Example 38: 4- (4-((R) -2-hydroxy-3- (isopropylamino) -2- (4- (1-methyl-1H-pyrazol-3-yl) phenyl) piperazin-1-yl ) -5-Methyl-5H-pyrrolo [2,3-d] pyrimidin-6 (7H) -one (38)
(Step 1) A mixture of compound (35a) 89 mg, 3-iodo-1-methyl-1H-pyrazole 60 mg, dichlorobis (triphenylphosphine) palladium 15 mg, potassium carbonate 90 mg, 1,4-dioxane 1 ml, water 0.2 ml. The mixture was stirred at 120 ° C. for 1.5 hours in a nitrogen atmosphere. The reaction mixture was cooled to room temperature, extracted with ethyl acetate, the organic layer was filtered and concentrated. The obtained residue was purified by silica gel chromatography (hexane-ethyl acetate), and (R) -ethyl 3-((tert-butoxycarbonyl) amino) -2-hydroxy-2- (4- (1-methyl-) was obtained. 1H-pyrazol-3-yl) phenyl) propanoic acid (38a) was obtained as a colorless oil.

  (Step 2) According to Example 1 (Steps 7 to 9), compound (38a) was used instead of compound (1f), and 4- (4-((R) -3-amino-2-hydroxy-2-phenyl) was used. (4- (1-Methyl-1H-pyrazol-3-yl) phenyl) piperazin-1-yl) -5-methyl-5H-pyrrolo [2,3-d] pyrimidin-6 (7H) -one (38b) Furthermore, according to Example 4, the compound (38b) was used instead of the compound (1) to obtain the compound (38) as a white amorphous solid.
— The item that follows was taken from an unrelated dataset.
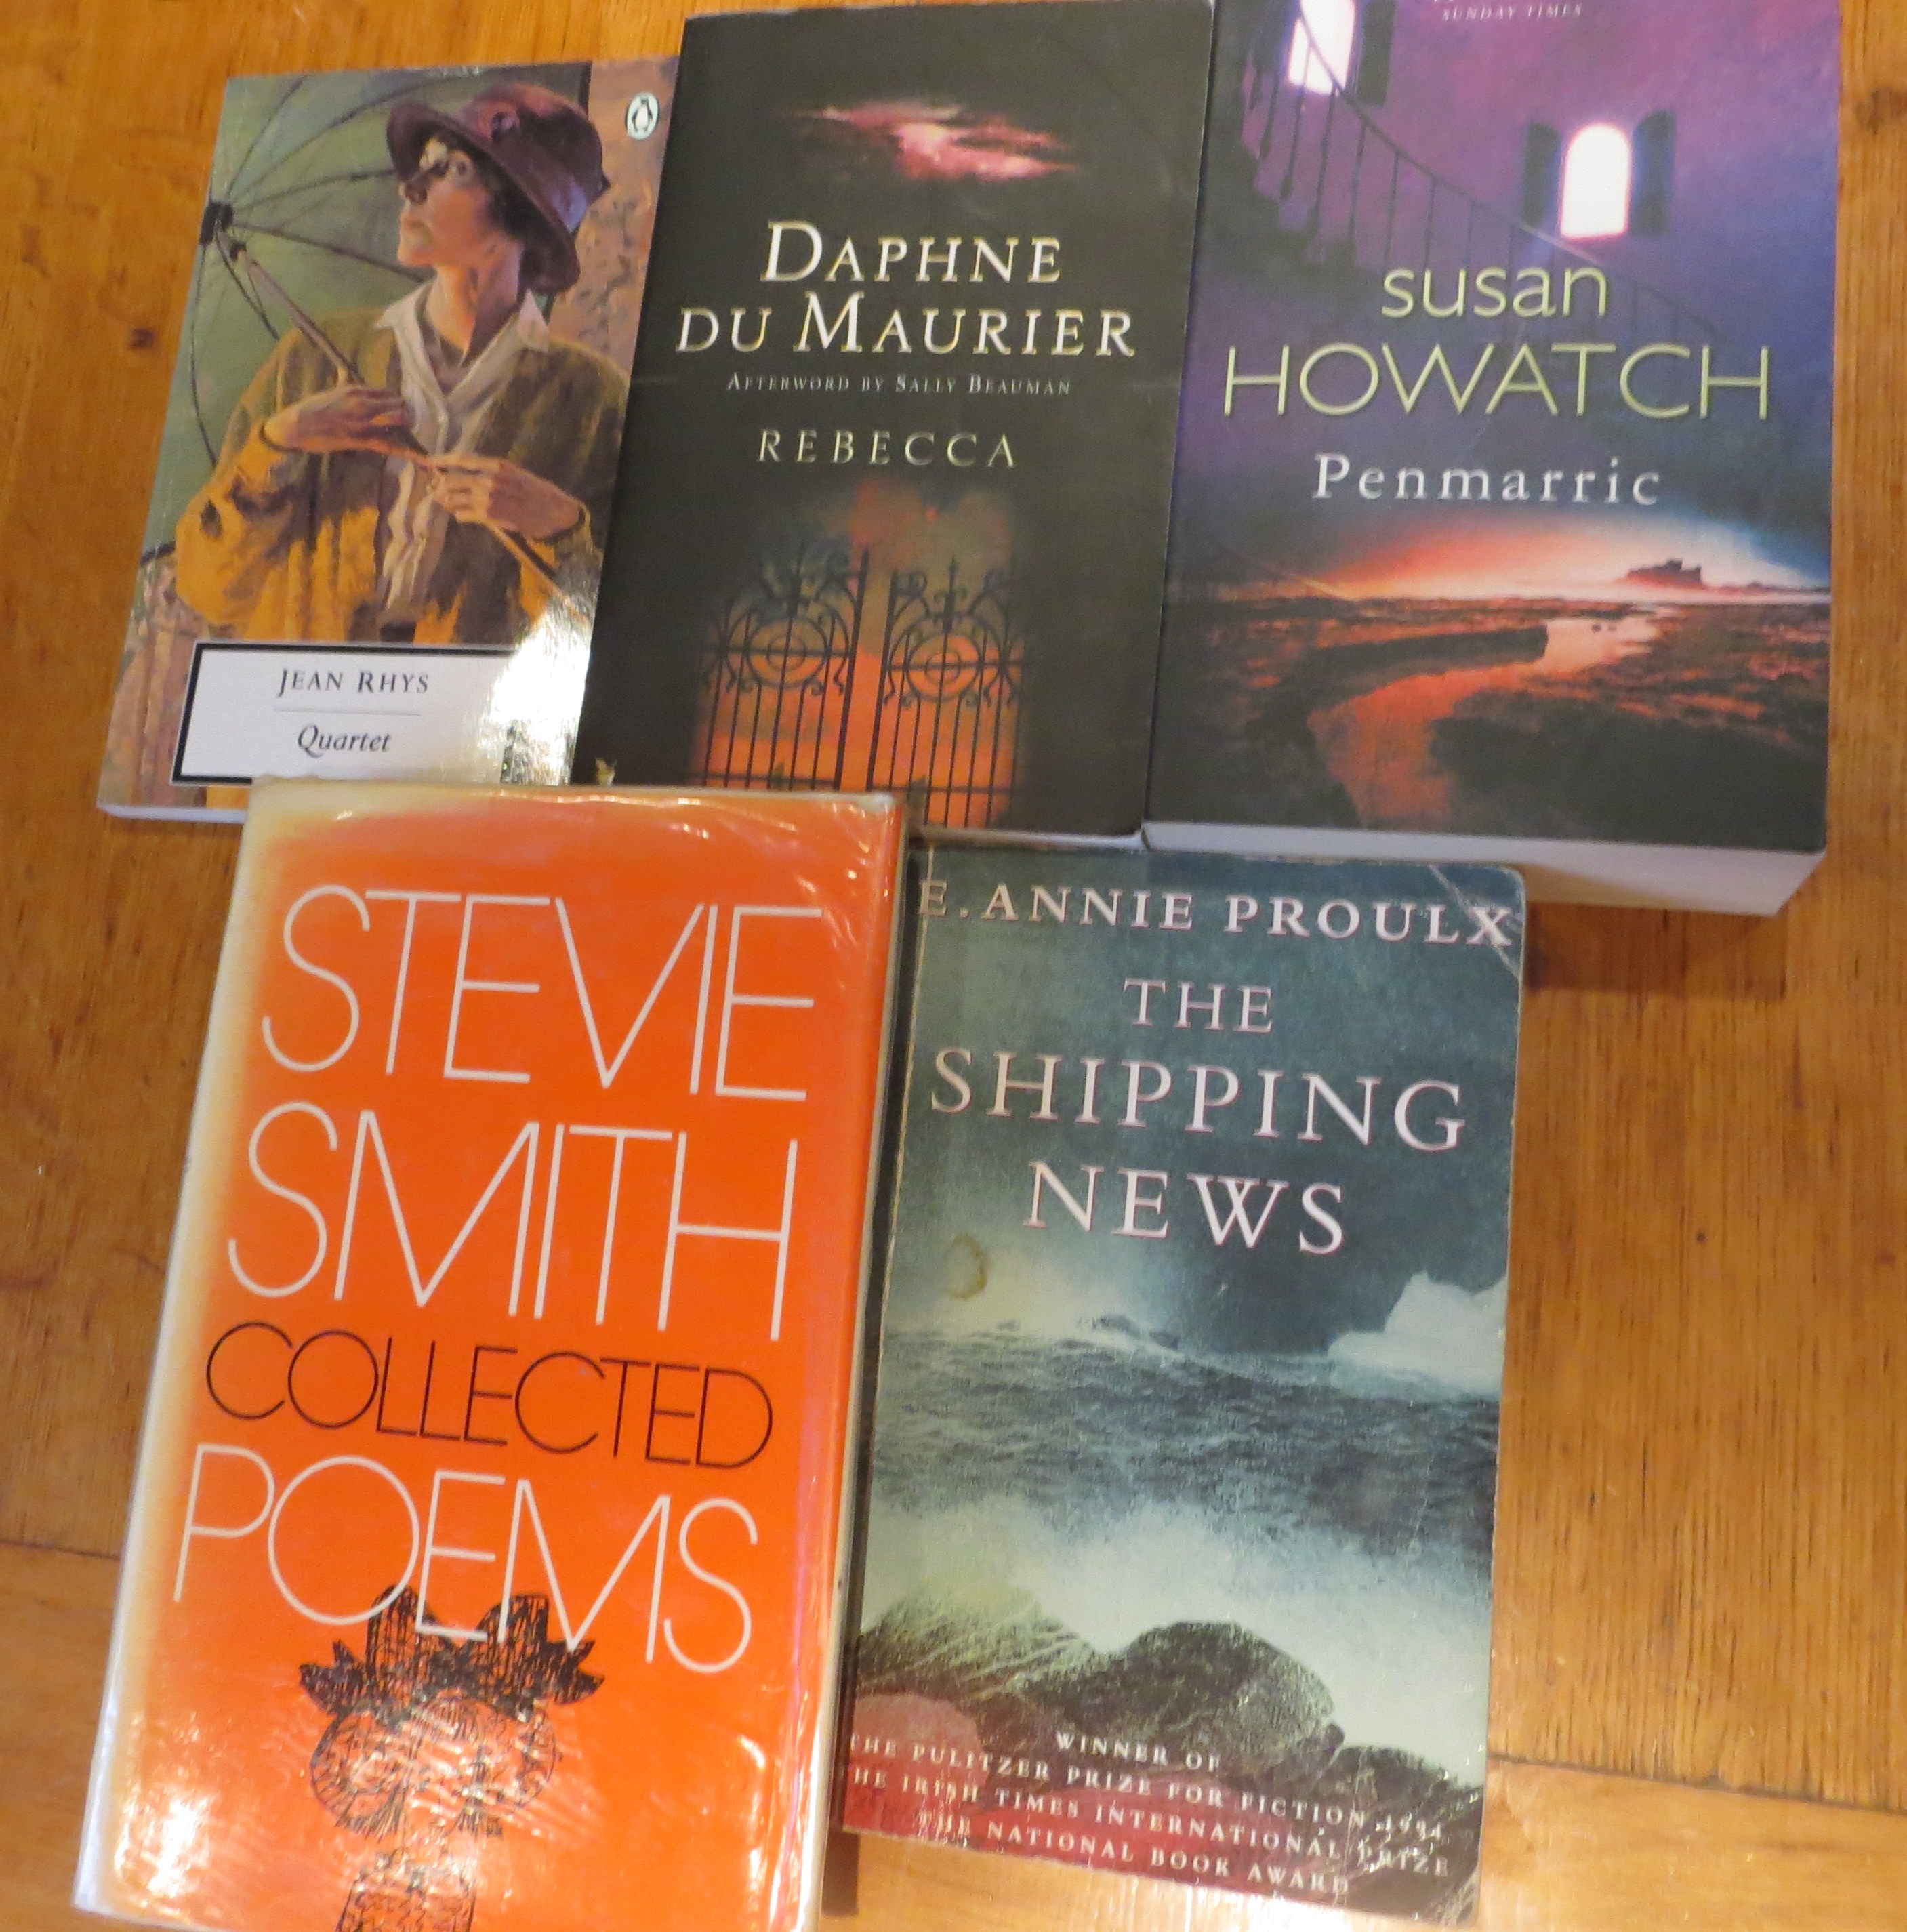 Books by Jean Rhys, Daphne du Maurier, Susan Howatch, Stevie Smith and E. Annie Proulx

Example 39: 4- (4-((R) -2-hydroxy-3- (isopropylamino) -2- (4- (pyrimidin-2-yl) phenyl) piperazin-1-yl) -5-methyl- 5H-pyrrolo [2,3-d] pyrimidin-6 (7H) -one (39)
(Step 1) Compound (35a) 200 mg, 2-chloropyrimidine 81 mg, palladium acetate 11 mg, 2-dicyclohexylphosphino-2 ′, 6′-dimethoxybiphenyl 39 mg, 4M lithium hydroxide aqueous solution 0.47 ml, 1,4-dioxane 3 ml of the mixture was stirred at 80 ° C. for 1 hour under a nitrogen atmosphere. The reaction mixture was cooled to room temperature and adjusted to pH 2 with dilute hydrochloric acid. The obtained mixture was extracted with ethyl acetate, and the organic layer was dried over anhydrous sodium sulfate, filtered and concentrated. The obtained residue was purified by silica gel chromatography (chloroform-methanol), and (R) -ethyl 3-((tert-butoxycarbonyl) amino) -2-hydroxy-2- (4- (pyrimidin-2-yl) was obtained. ) Phenyl) propanoic acid (39a) was obtained as a yellow oil.

  (Step 2) According to Example 1 (Steps 7 to 9), compound (39a) was used instead of compound (1f), and 4- (4-((R) -3-amino-2-hydroxy-2-phenyl) was used. (4- (Pyrimidin-2-yl) phenyl) piperazin-1-yl) -5-methyl-5H-pyrrolo [2,3-d] pyrimidin-6 (7H) -one (39b) was obtained. According to Example 4, compound (39b) was used instead of compound (1) to obtain compound (39) as a white amorphous solid.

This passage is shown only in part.